Stored data:
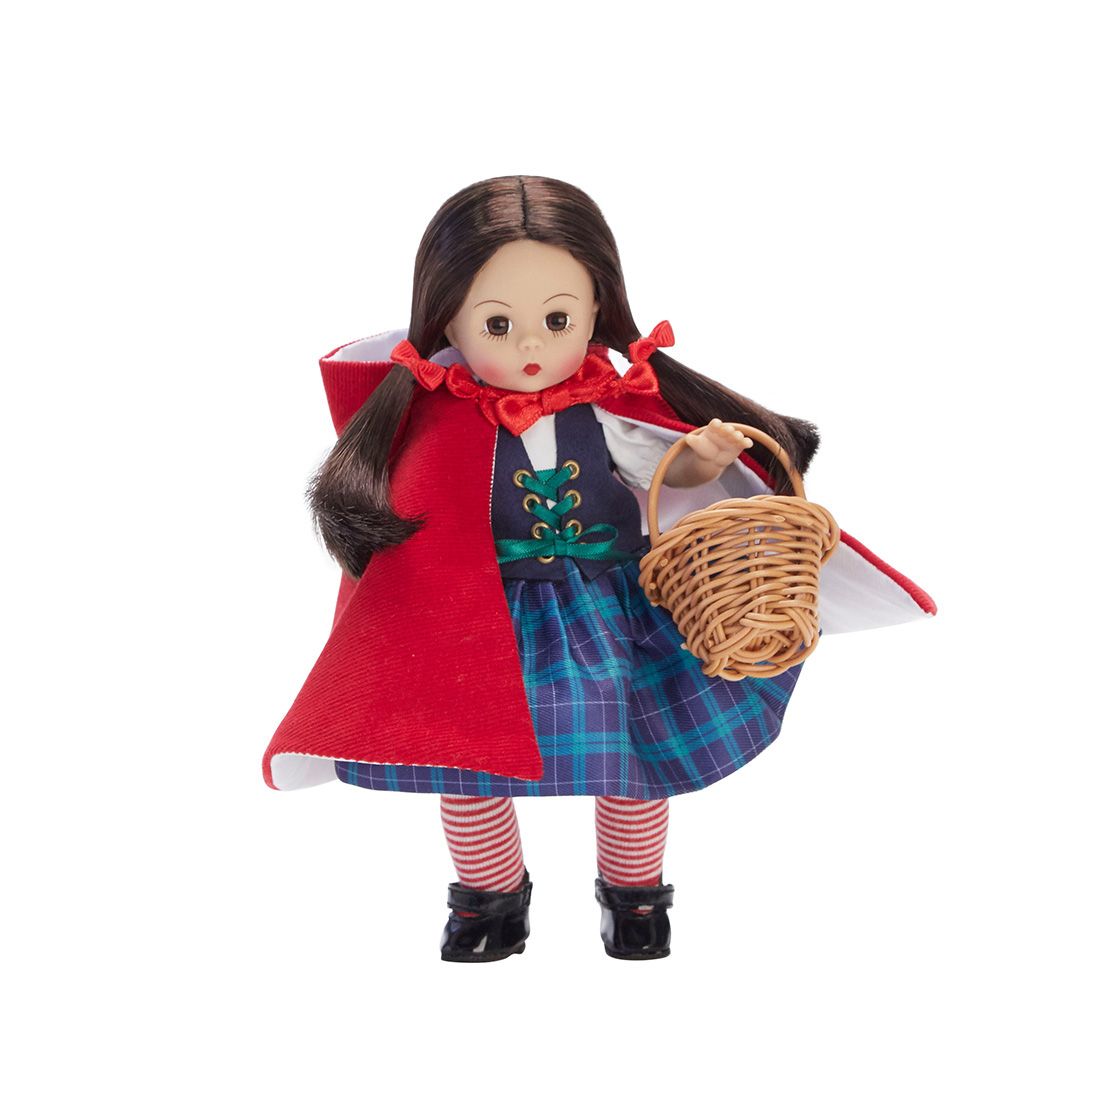 Madame Alexander Red Riding Hood Collectible Doll
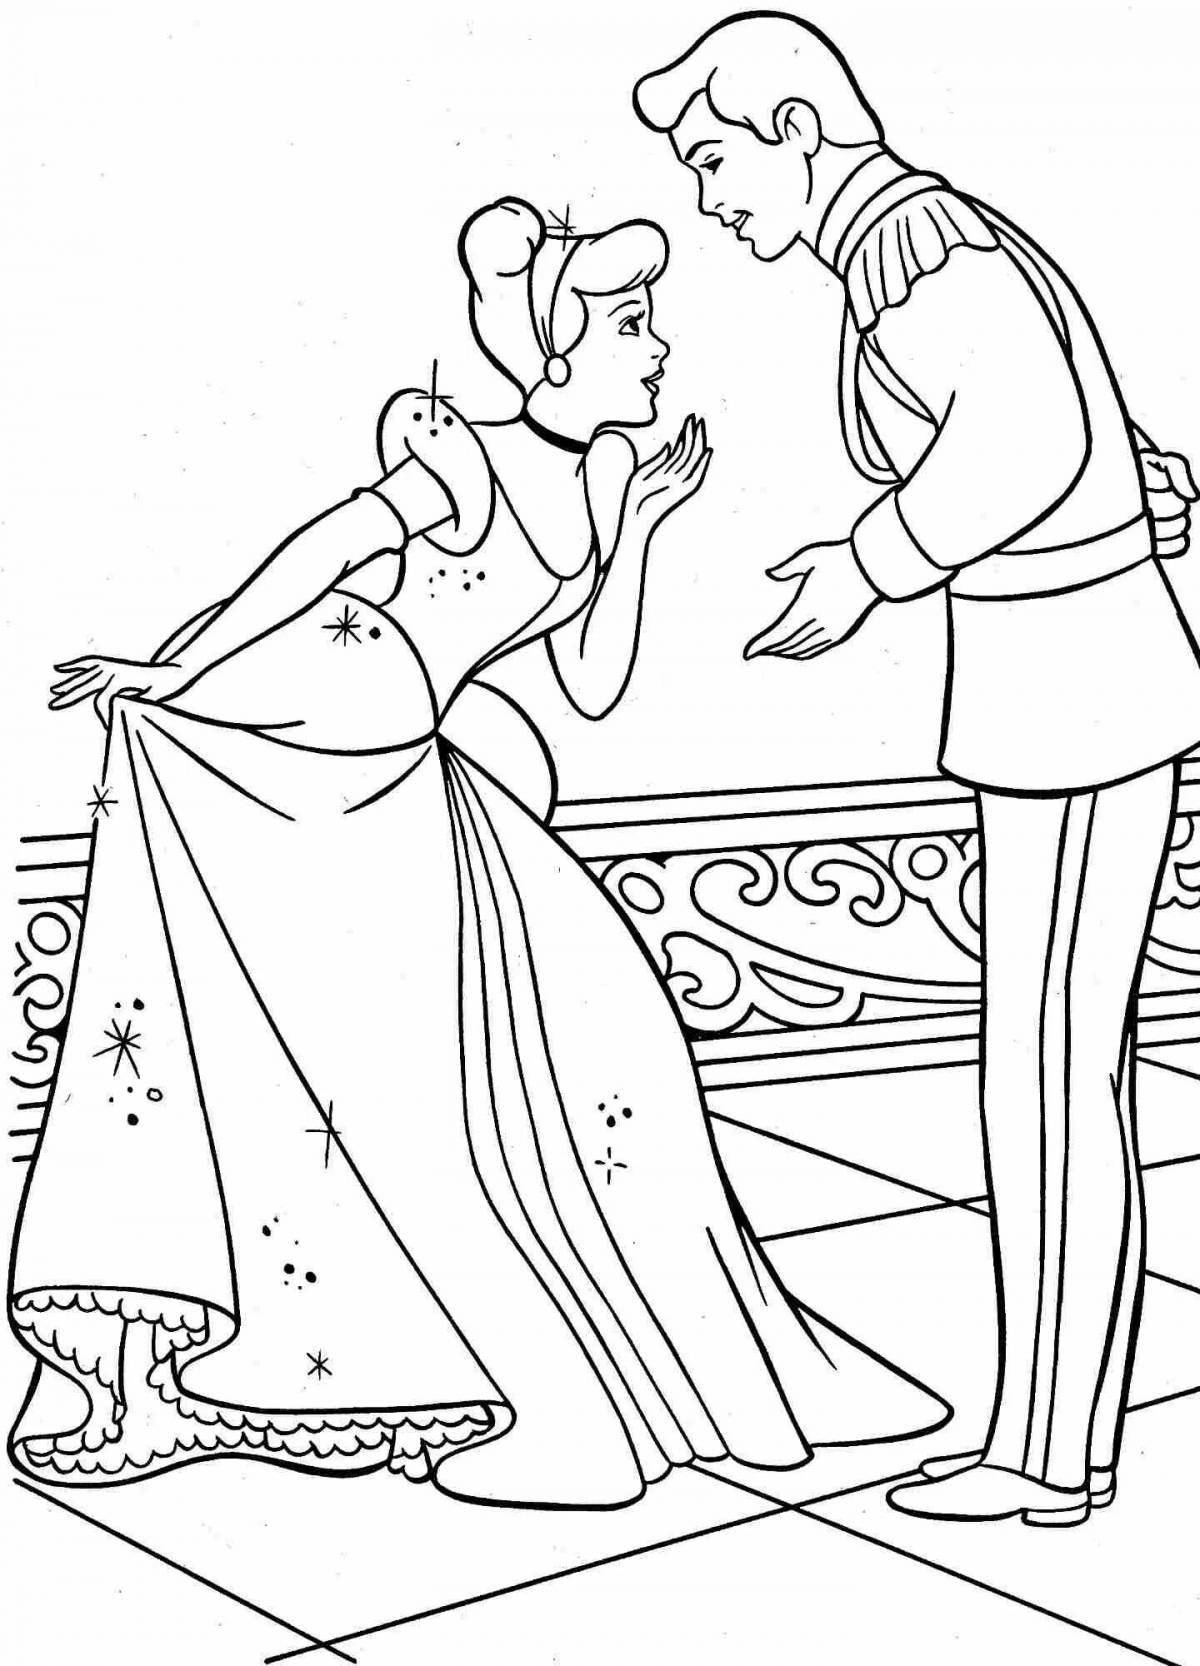 Charming cinderella and the prince coloring book
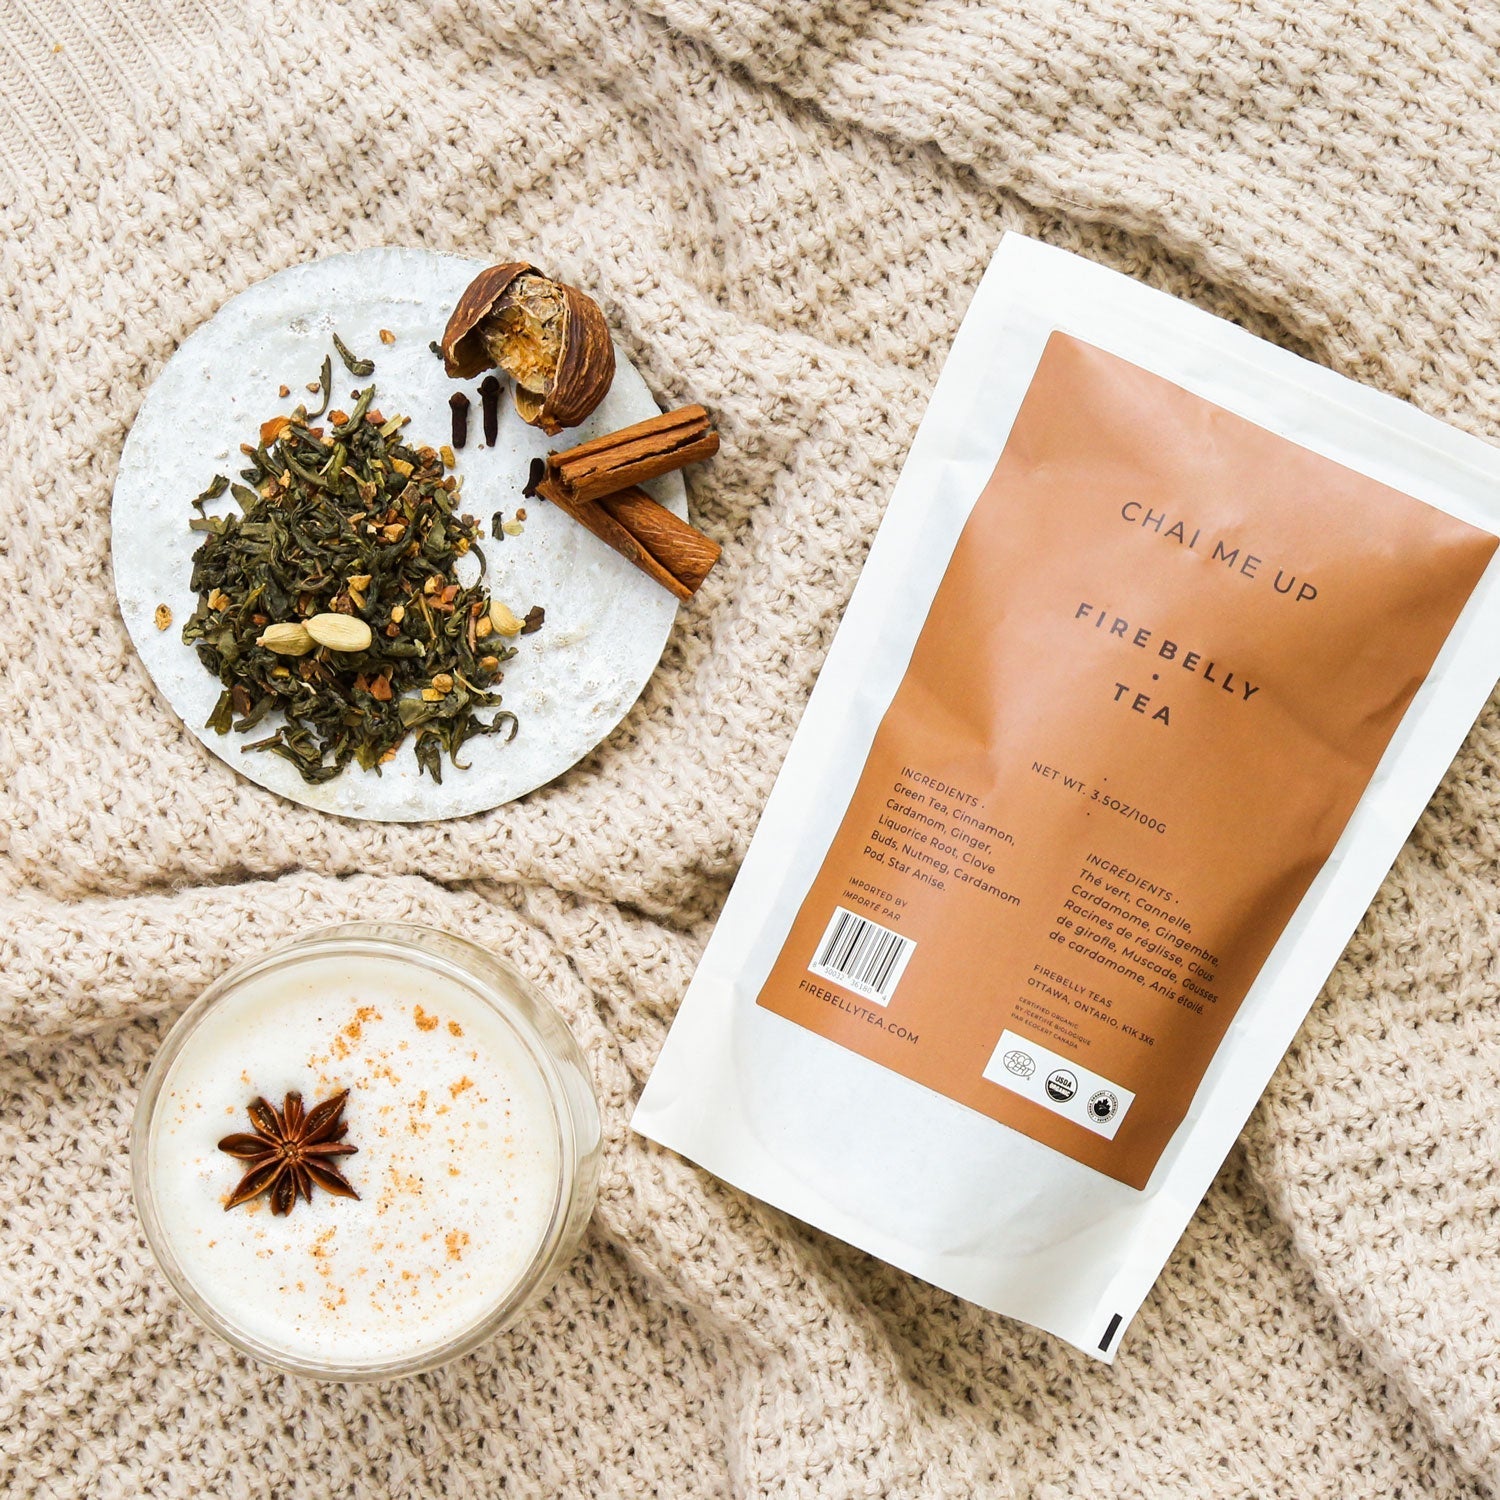 Chai Me Up by Firebelly Tea
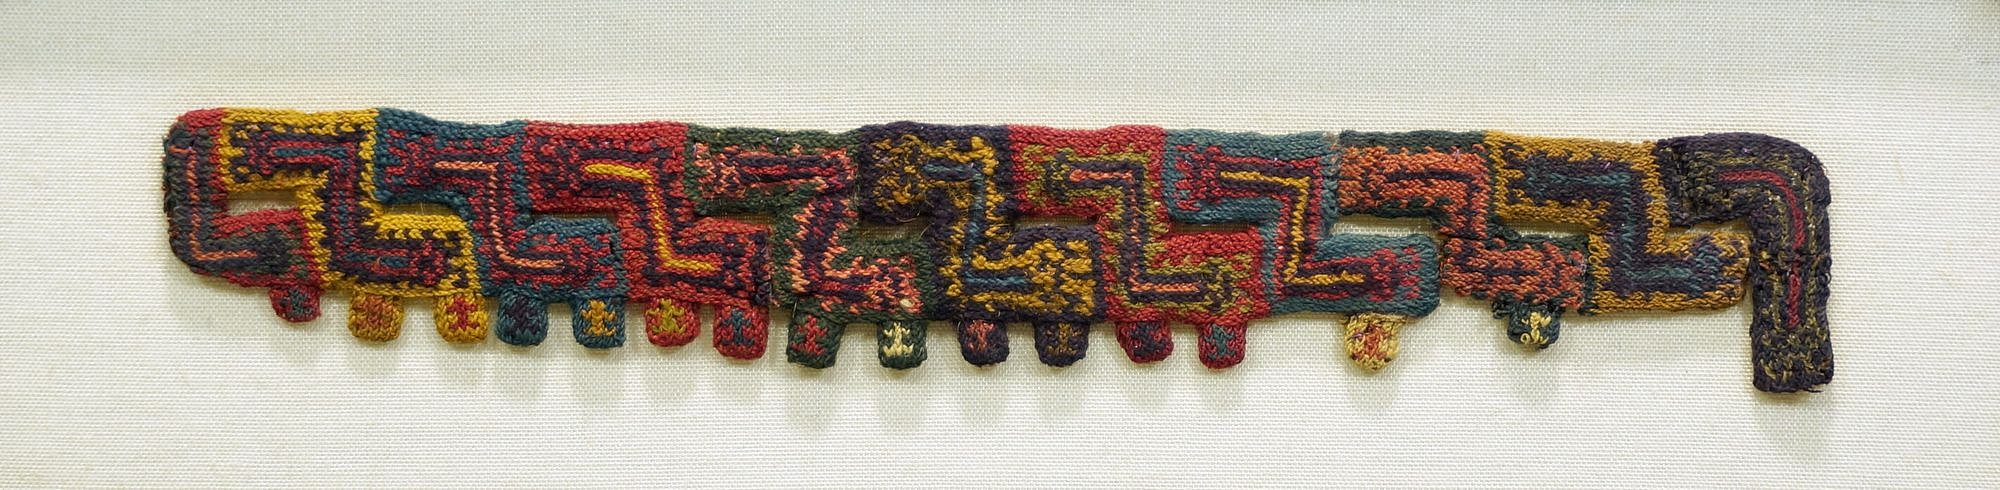 Peru, Paracas Miniature Knitted Fringe or Neck Opening with Double-Headed Worms
Eleven finely knitted colorful segments depicting double-headed worms with curled tails in alternating colors.  Below each worm is a small tab with an even smaller creature nested within.  Acquired from the estate of Anton Roeckl in Germany prior to 1970.
Media: Textile
Dimensions: Length: 6 3/4 inches
$2,800
96165

YOUR ASSIGNMENT: Return all records exactly; no pictures.

EXERCISE RESPONSE:
 Madame Alexander Red Riding Hood Collectible Doll
 Charming cinderella and the prince coloring book
 Chai Me Up by Firebelly Tea
 Peru, Paracas Miniature Knitted Fringe or Neck Opening with Double-Headed Worms
Eleven finely knitted colorful segments depicting double-headed worms with curled tails in alternating colors.  Below each worm is a small tab with an even smaller creature nested within.  Acquired from the estate of Anton Roeckl in Germany prior to 1970.
Media: Textile
Dimensions: Length: 6 3/4 inches
$2,800
96165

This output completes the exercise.